If $\pi$ is not cuspidal, then of course this is not necessarily the case: $\zeta_F(s)$ is the $L$-function of the trivial representation of $\mathrm{GL}_1(\mathbb{A}_F)$, and this has a simple pole at $s = 1$. Of course, if $\pi$ is the isobaric sum $\pi_1 \boxplus \cdots \boxplus \pi_r$ of automorphic representations, then $L(s,\pi) = L(s,\pi_1) \cdots L(s,\pi_r)$, and if each $\pi_j$ is cuspidal (and in particular not the trivial representation), this is entire.

For $n = 2$ and cuspidal $\pi$, $\operatorname{sym}^2 \pi$ is a cuspidal automorphic representation of $\mathrm{GL}_3(\mathbb{A}_F)$ (and consequently $L(s,\operatorname{sym}^2 \pi)$ is entire) iff $\pi$ is not dihedral; note that $\operatorname{sym}^2 \pi \boxplus \omega_{\pi} = \pi \otimes \pi$, with $\omega_{\pi}$ the central character of $\pi$.
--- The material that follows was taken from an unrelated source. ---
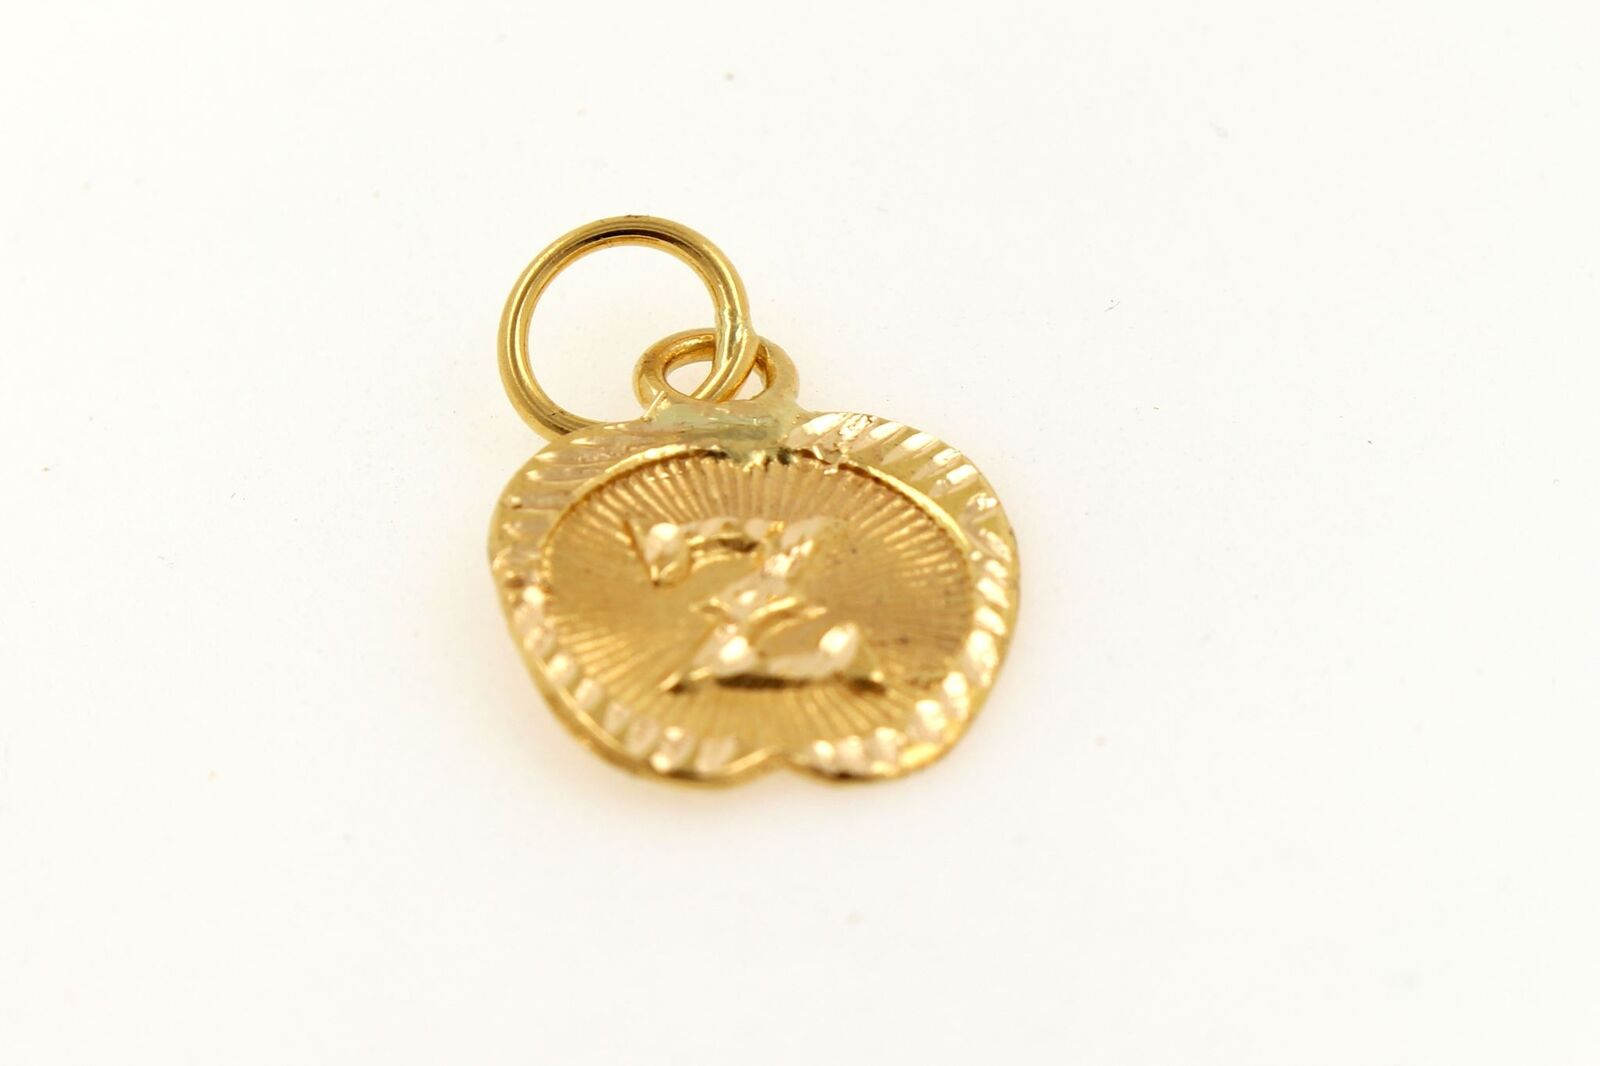 22k 22ct Solid gold Charm Letter Z Pendant Apple Design p1220 ns

If $\pi$ is dihedral, then it is the automorphic induction $\pi(\psi)$ from $\mathrm{GL}_1(\mathbb{A}_E) = \mathbb{A}_E^{\times}$ to $\mathrm{GL}_2(\mathbb{A}_F)$ of a Hecke character $\psi$ of $\mathbb{A}_E^{\times}$, where $E/F$ is a quadratic extension to which one can associate a quadratic Hecke character $\omega_{E/F}$ of $\mathbb{A}_F^{\times}$ via class field theory. Furthermore, $\pi(\psi)$ is cuspidal iff $\psi$ does not factor through the norm map $N_{\mathbb{A}_E / \mathbb{A}_F} : \mathbb{A}_E^{\times} \to \mathbb{A}_F^{\times}$. The central character $\omega_{\pi(\psi)}$ of $\pi(\psi)$ is $\psi|_{\mathbb{A}_F^{\times}} \omega_{E/F}$ (noting that the restriction of a Hecke character of $\mathbb{A}_E^{\times}$ to $\mathbb{A}_F^{\times}$ is a Hecke character of $\mathbb{A}_F^{\times}$).
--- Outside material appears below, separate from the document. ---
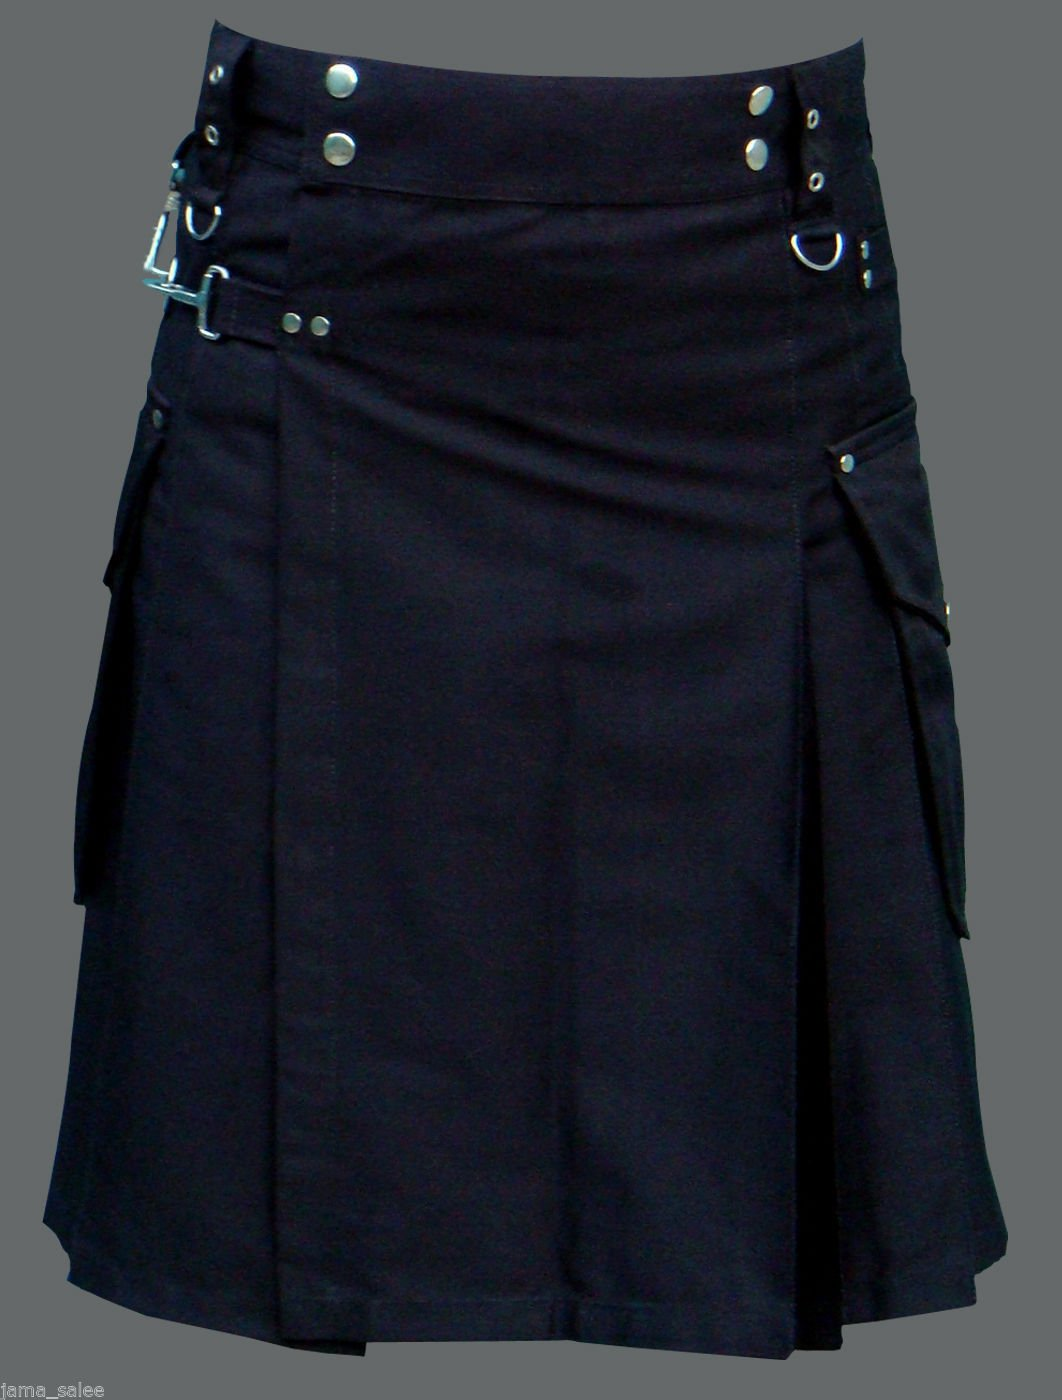 Deluxe Black Cotton Kilt Handmade Utility Gothic Modern Kilt with Cargo Pockets Waist Size 50 to Fit

So for dihedral $\pi = \pi(\psi)$, we have that $\operatorname{sym}^2 \pi = \pi(\psi^2) \boxplus \psi|_{\mathbb{A}_F^{\times}}$, so that $L(s,\operatorname{sym}^2 \pi) = L(s,\psi^2) L(s,\psi|_{\mathbb{A}_F^{\times}})$, where $\pi(\psi^2)$ is the automorphic induction of the Hecke character $\psi^2$ of $\mathbb{A}_E^{\times}$. In particular, if $\psi|_{\mathbb{A}_F^{\times}} = 1$ (so that $\omega_{\pi(\psi)} = \omega_{E/F}$), then $L(s,\operatorname{sym}^2 \pi) = L(s,\psi^2) \zeta_F(s)$, which has a simple pole at $s = 1$. On the other hand, if $\psi^2$ is the trivial character, then $L(s,\psi^2) = \zeta_E(s) = \zeta_F(s) L(s,\omega_{E/F})$, which has a simple pole at $s = 1$; note that $\psi^2 = 1$ implies that $\pi(\psi)$ is noncuspidal, and in fact $\pi(\psi) = \omega_1 \boxplus \omega_2$ for some real (quadratic or trivial) Hecke characters $\omega_1,\omega_2$ of $\mathbb{A}_F^{\times}$ satisfying $\omega_1 \omega_2 = \omega_{E/F}$ (for $F = \mathbb{Q}$, this means that $\psi$ is a genus character of the quadratic field $E$).

Note also that $\operatorname{ad} \pi \boxplus 1 = \pi \otimes \widetilde{\pi}$ and $\operatorname{ad} \pi = \operatorname{sym}^2 \pi \otimes \omega_{\pi}^{-1}$. Thus for dihedral $\pi = \pi(\psi)$, $\operatorname{ad} \pi = (\pi(\psi^2) \otimes \psi^{-1}|_{\mathbb{A}_F^{\times}}) \boxplus \omega_{E/F}$.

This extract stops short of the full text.